AN INVESTMENT company has won a High Court order requiring developer Gerry Gannon to complete the purchase of a lease for a building next door to his Dublin 4 headquarters. The company is also to receive damages.
Liberty Asset Management (LAM), a subsidiary of Friends First, claimed it was “trapped” into having to pay €120,000 rent a year on its old offices at 54 Northumberland Road because Mr Gannon refused to complete an agreement to buy Liberty’s leasehold interest in the building.
That May 2006 agreement was intended as part of a larger deal in which Mr Gannon rented LAM another premises in Clonskeagh and was to take over the lease on LAM’s former offices beside his business headquarters at 52 Northumberland Road.
LAM sought High Court orders to compel Mr Gannon to complete the agreement to purchase the lease.
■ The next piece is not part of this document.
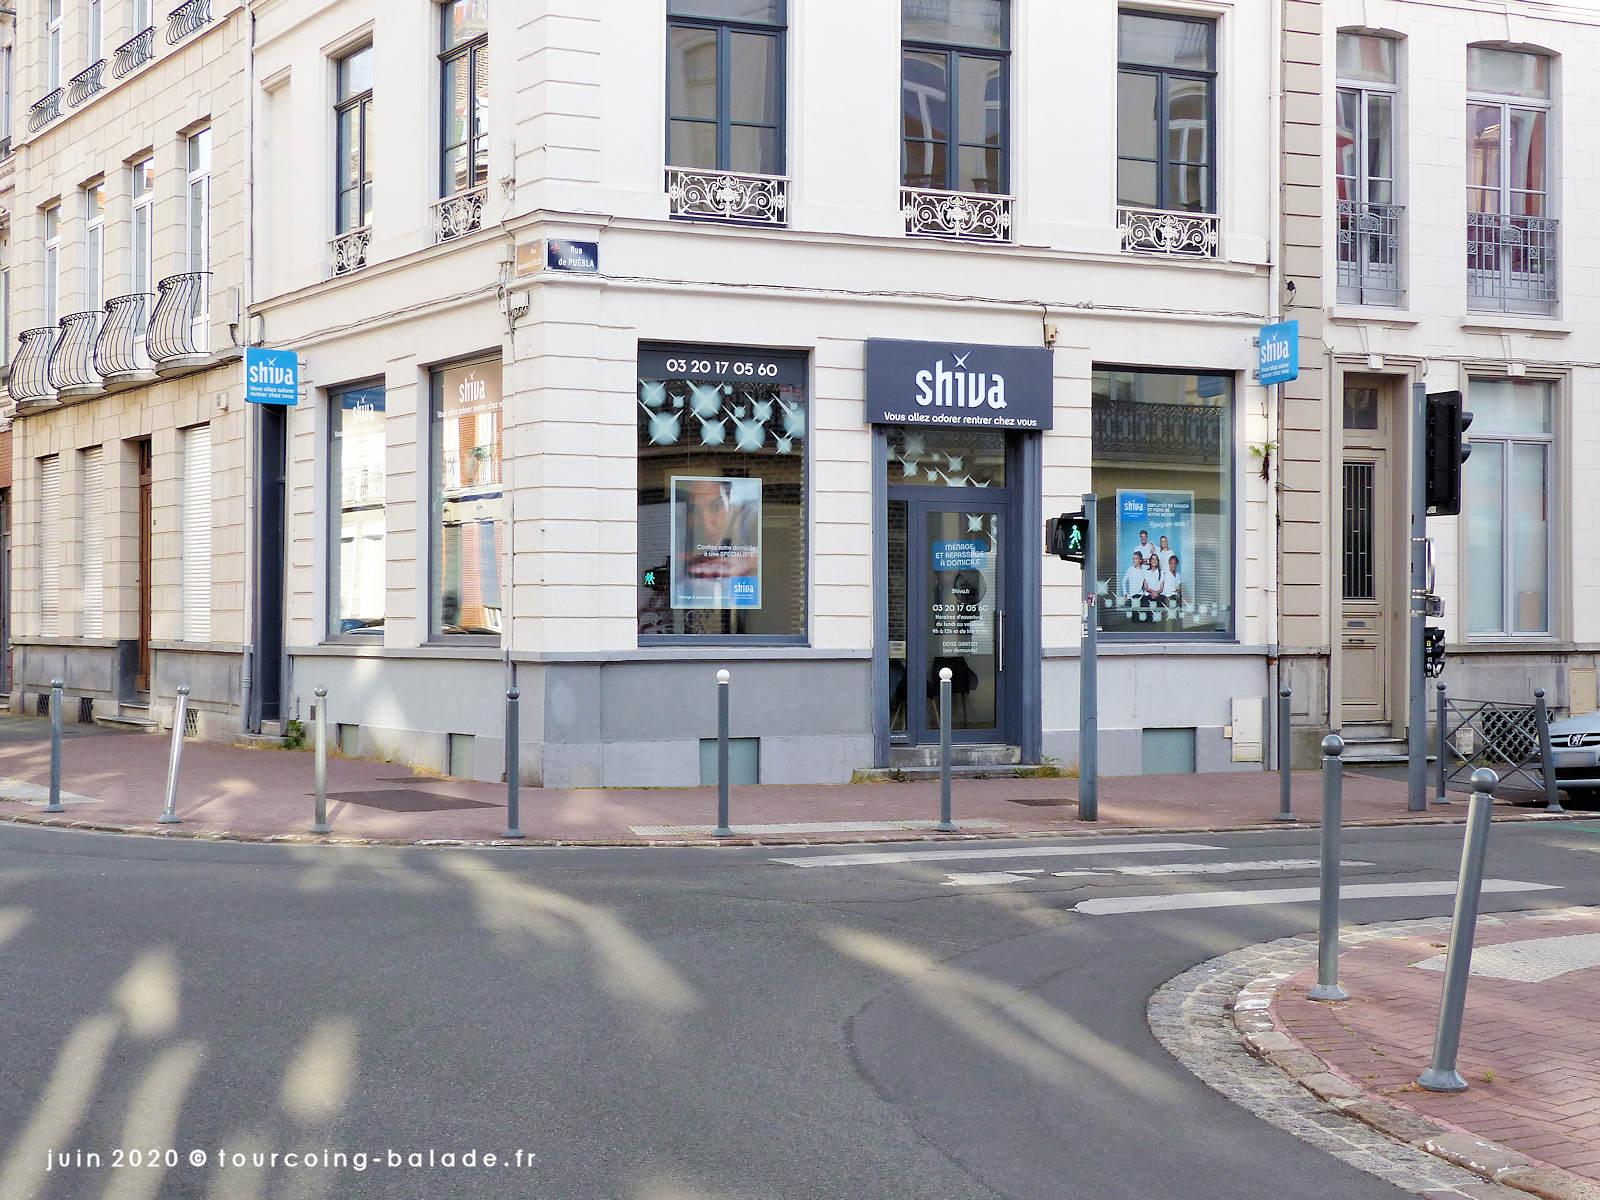 Shiva Lille, rue du Puébla, 2019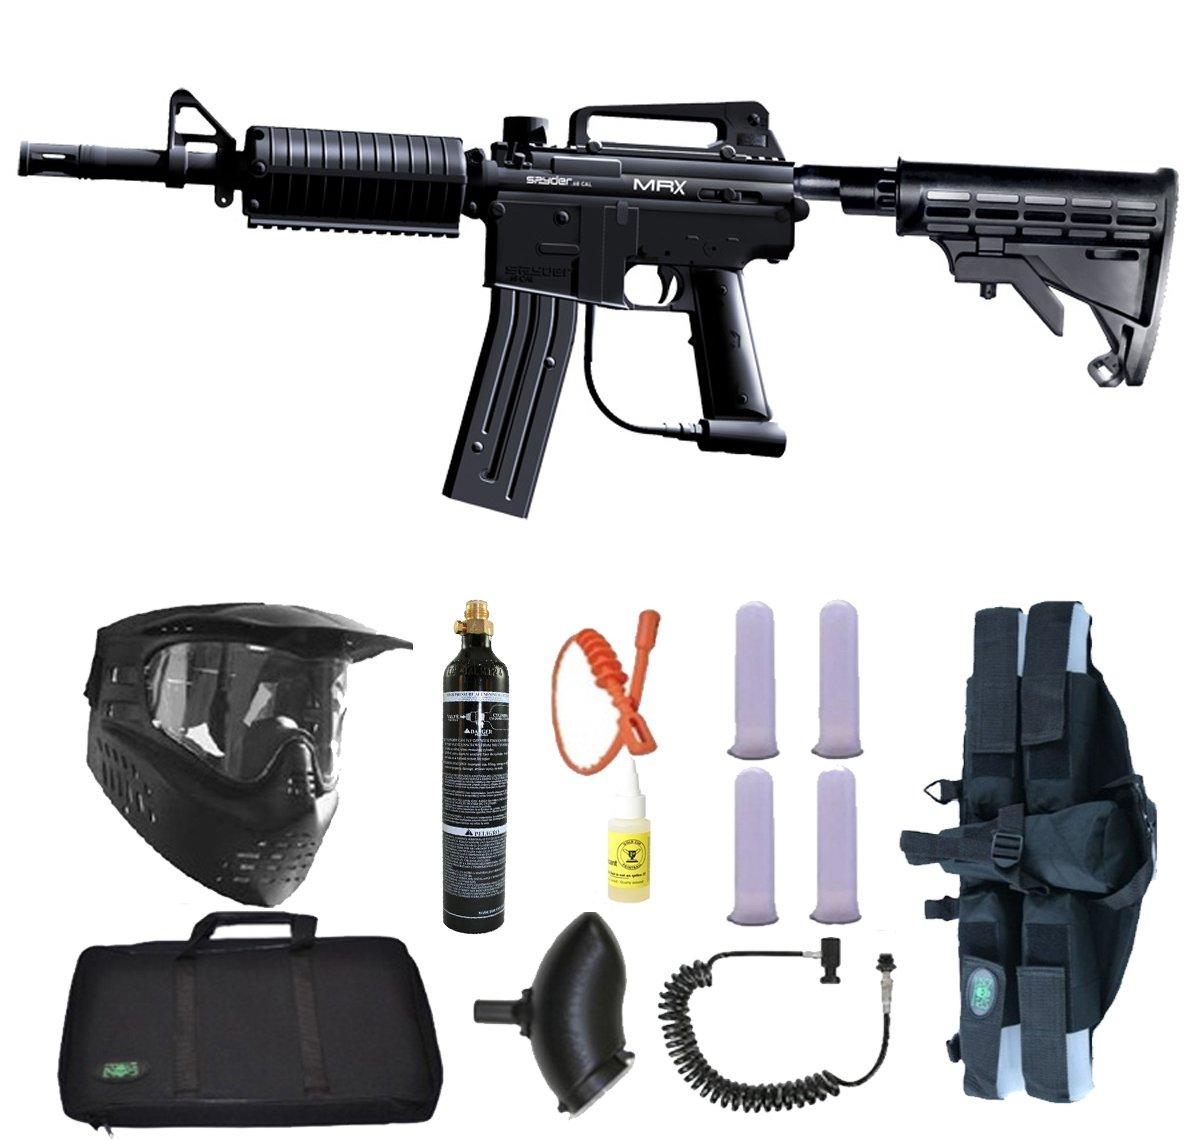 Spyder MRX Magazine Fed Paintball Marker Gun 4+1 9oz Sniper Set

It also sought damages for losses incurred through having to pay rent, maintenance and insurance on the vacated building.
Mr Gannon denied he entered into any such contract in relation to number 54.
Even if he had, he argued, any such agreement was not enforceable because there was no completed memorandum of agreement and therefore no binding contract.
Mr Gannon had told the court he was only interested in taking over the lease for number 54 if LAM exercised “a break clause” under which the lease could be assigned to new tenants usually after five to seven years. This was not done and he pulled out of that aspect of the deal, he said.
Ms Justice Mary Laffoy yesterday ordered Mr Gannon to complete the contract to take over the lease for number 54.
She said Mr Gannon was well aware the break clause was personal to LAM and any takeover of the lease for number 54 was not subject to a condition requiring LAM to exercise that break option.
There was no proposal put to LAM and no commitment from it to exercise the break clause, she said.
Nothing had occurred which released Mr Gannon from his contractual obligation to take over the lease for number 54, the judge ruled.
She noted Mr Gannon, in evidence, “took umbrage” at the suggestion that he did not carry out the deal.
While there was no memorandum of a concluded agreement, the judge said, LAM was entitled to have the contract completed because it had fully entered into the agreement to lease the Clonskeagh property.
LAM was “not precluded” from relying on the the equitable doctrine of part performance.
She ruled that LAM was entitled to damages for rent, rates, insurance, and professional fees in relation to number 54 and adjourned the case so those items could be quantified between the parties.